I am registered too, see you then.


----------



## camero7

Bee sure to look for me! I'm the scruffy old bastard with a beard and pot belly!


----------



## NY Bee Wellness

The Sunday field and lab session is full with a wait list, but

The Friday evening and Saturday sessions are open 
prerequisites are not required:

#1- Friday, August 5, 7-9pm session, open to all, 20.00 for Friday ONLY

#2- Saturday, August 6, 9-5pm, Lecture and Demo, open to all, 50.00 for Saturday ONLY

For additional info and to register

PayPal payment also accepted

Advance sale tickets only please, no walk-ins.


----------



## Cloverdale

Hi Pat, I have been signed up for a while so I believe we are in already. Deb Corcoran


----------



## Cloverdale

camero7 said:


> Bee sure to look for me! I'm the scruffy old bastard with a beard and pot belly!


Ok, I'm old but not scruffy! (at least I hope not!)


----------



## camero7

have you heard from them? I signed up, paid for the tickets and haven't heard anything.


----------



## wildbranch2007

camero7 said:


> Bee sure to look for me! I'm the scruffy old bastard with a beard and pot belly!


so how is he going to tell us apart, I'll bee the guy with the red suspenders. :thumbsup:


----------



## camero7

Bet there will be a lot of us that look like that. I'll look for the suspenders!


----------



## Cloverdale

camero7 said:


> have you heard from them? I signed up, paid for the tickets and haven't heard anything.


I talked with Pat Bono via email, so I haven't heard anything since then... I know she is busy. We didn't sign up for Friday.


----------



## Cloverdale

camero7 said:


> Bet there will be a lot of us that look like that. I'll look for the suspenders!

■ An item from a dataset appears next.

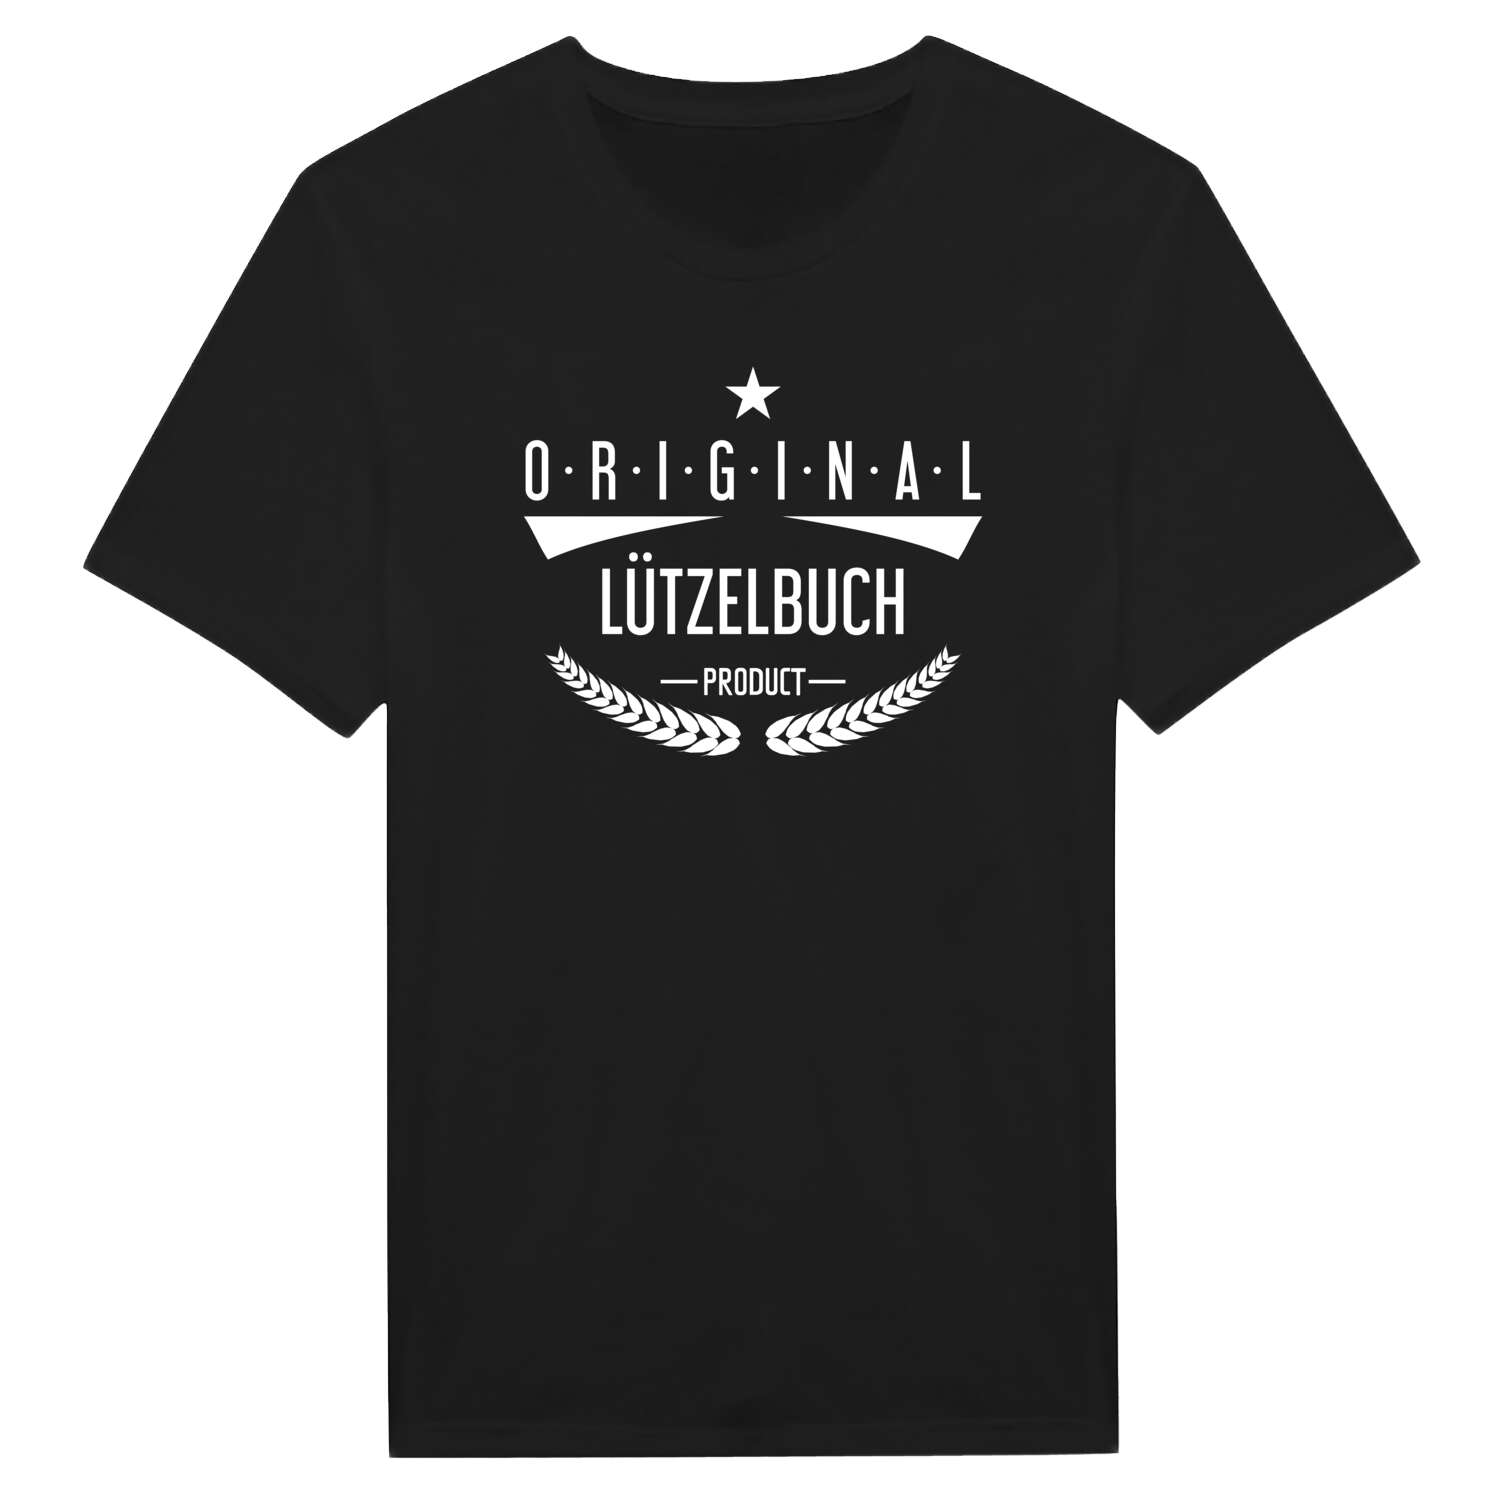 Lützelbuch T-Shirt »Original Product«

And look for a "mean" red suspenders guy!


----------



## camero7

Cloverdale said:


> And look for a "mean" red suspenders guy!


----------



## 357

Dr. Meghan Milbrath spoke at my club's monthly meeting last night. She spoke specifically on Varroa; everything from origin, lifecycle, breeding habits, effects on your bees, why they surprise beeks by killing the strongest colonies, how to check levels, IPM solutions, and intervention type treatments. I was very impressed and I learned a lot.


----------